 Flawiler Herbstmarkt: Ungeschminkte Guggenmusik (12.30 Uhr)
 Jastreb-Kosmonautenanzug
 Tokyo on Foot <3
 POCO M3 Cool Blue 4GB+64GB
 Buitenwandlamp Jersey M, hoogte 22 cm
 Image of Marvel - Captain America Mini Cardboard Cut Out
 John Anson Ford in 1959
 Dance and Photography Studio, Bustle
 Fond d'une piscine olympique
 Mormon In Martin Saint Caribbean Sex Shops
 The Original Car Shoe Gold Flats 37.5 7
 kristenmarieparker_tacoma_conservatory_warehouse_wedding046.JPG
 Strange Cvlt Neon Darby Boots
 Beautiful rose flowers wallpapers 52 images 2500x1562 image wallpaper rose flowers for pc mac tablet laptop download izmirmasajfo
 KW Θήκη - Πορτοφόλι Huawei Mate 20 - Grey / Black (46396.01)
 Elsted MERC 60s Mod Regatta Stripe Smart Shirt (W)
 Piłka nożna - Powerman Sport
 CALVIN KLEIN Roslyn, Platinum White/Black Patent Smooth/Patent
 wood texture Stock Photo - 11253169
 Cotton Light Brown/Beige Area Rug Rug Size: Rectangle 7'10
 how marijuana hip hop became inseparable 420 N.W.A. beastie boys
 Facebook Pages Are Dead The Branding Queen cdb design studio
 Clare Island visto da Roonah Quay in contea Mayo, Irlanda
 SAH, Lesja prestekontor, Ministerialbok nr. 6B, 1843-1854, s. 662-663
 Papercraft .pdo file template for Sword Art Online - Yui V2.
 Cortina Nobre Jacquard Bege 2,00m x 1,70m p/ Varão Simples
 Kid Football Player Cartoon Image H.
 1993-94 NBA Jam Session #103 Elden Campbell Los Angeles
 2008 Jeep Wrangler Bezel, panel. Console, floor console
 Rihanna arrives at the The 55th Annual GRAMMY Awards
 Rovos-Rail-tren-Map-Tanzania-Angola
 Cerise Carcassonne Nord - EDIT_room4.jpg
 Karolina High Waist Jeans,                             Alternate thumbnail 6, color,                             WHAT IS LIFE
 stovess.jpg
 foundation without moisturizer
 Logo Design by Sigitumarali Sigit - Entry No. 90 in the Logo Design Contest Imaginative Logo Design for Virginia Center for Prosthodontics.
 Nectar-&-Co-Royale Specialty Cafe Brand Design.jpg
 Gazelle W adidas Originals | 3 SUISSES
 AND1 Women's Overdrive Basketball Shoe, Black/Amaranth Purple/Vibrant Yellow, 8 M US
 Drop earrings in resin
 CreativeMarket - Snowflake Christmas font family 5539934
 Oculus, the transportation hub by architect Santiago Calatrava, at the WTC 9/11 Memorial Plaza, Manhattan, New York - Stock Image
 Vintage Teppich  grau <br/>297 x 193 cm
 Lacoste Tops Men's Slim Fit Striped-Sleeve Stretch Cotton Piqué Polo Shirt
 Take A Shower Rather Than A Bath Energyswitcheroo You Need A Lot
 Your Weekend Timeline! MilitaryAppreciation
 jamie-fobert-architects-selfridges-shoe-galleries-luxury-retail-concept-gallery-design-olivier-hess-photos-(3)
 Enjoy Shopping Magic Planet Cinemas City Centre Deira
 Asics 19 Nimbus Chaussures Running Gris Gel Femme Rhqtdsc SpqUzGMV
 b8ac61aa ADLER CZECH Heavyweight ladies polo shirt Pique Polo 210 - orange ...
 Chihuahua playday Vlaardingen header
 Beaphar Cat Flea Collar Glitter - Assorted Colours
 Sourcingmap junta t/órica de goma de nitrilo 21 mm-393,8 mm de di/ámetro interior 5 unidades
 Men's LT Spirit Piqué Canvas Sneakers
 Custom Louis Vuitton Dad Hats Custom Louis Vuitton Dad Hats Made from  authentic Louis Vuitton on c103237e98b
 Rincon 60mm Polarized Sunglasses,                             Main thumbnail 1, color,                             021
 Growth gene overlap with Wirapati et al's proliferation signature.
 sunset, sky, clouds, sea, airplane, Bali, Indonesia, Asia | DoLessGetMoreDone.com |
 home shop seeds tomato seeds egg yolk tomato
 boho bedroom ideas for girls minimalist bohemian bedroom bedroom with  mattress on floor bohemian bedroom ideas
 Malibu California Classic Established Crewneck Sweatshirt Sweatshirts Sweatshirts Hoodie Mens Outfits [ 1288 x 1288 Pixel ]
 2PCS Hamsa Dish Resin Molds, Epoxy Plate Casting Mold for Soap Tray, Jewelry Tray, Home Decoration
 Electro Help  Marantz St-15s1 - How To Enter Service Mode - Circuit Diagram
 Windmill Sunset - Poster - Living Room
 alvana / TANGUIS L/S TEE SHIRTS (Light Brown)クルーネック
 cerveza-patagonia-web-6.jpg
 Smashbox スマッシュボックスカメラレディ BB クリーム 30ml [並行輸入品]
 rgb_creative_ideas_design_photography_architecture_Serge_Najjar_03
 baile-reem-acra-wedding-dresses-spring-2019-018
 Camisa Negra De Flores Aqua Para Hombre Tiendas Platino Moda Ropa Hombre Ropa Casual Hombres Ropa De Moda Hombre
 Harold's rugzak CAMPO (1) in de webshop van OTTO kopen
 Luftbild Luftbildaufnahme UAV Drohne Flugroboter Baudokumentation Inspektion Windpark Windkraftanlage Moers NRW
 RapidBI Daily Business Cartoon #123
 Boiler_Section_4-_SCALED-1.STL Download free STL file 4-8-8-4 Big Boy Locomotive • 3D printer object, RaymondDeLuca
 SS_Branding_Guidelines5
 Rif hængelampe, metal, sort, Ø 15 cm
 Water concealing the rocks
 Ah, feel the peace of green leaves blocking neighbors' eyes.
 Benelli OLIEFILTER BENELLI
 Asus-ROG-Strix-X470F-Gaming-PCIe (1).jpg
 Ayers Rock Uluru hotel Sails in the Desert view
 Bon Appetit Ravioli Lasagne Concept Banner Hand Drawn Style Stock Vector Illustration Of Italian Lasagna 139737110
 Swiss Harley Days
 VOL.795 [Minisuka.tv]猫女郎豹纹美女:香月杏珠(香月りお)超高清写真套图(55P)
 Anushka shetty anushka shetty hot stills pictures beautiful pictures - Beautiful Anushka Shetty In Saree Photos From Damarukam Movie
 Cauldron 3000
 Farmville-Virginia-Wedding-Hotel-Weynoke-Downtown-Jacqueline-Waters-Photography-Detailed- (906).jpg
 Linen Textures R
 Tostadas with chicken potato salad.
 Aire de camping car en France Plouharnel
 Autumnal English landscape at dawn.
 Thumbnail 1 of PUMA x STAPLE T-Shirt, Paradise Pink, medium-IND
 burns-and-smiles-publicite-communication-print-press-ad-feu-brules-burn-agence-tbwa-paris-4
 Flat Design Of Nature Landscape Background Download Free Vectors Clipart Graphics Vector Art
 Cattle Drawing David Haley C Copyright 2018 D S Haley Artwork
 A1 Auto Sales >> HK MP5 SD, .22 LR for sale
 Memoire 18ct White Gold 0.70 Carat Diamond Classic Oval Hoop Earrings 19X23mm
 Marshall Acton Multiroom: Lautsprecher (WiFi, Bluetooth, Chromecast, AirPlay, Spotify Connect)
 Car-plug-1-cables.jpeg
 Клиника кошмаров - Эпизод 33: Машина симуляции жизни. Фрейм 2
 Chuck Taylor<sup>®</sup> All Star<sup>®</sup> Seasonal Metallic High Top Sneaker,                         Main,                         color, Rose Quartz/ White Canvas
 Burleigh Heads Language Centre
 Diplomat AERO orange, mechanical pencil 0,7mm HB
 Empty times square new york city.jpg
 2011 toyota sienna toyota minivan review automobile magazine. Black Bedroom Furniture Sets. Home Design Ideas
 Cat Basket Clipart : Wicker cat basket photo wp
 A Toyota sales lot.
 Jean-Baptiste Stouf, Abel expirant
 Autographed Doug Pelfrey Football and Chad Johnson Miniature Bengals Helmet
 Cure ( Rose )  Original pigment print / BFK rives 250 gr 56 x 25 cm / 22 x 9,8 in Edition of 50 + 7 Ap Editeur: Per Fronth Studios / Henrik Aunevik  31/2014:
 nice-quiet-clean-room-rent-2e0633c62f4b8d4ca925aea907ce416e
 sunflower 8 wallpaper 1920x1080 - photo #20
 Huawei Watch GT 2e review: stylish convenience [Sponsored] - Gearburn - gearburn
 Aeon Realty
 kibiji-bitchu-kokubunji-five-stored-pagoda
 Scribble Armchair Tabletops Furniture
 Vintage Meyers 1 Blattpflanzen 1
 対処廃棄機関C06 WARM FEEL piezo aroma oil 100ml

* **TASK DESCRIPTION**
Could you write out, exactly as given, the lines from the one holding "nice-quiet-clean-room-rent-2e0633c62f4b8d4ca925aea907ce416e" through the end of the listing, and nothing else?

* **TASK OUTPUT**
 nice-quiet-clean-room-rent-2e0633c62f4b8d4ca925aea907ce416e
 sunflower 8 wallpaper 1920x1080 - photo #20
 Huawei Watch GT 2e review: stylish convenience [Sponsored] - Gearburn - gearburn
 Aeon Realty
 kibiji-bitchu-kokubunji-five-stored-pagoda
 Scribble Armchair Tabletops Furniture
 Vintage Meyers 1 Blattpflanzen 1
 対処廃棄機関C06 WARM FEEL piezo aroma oil 100ml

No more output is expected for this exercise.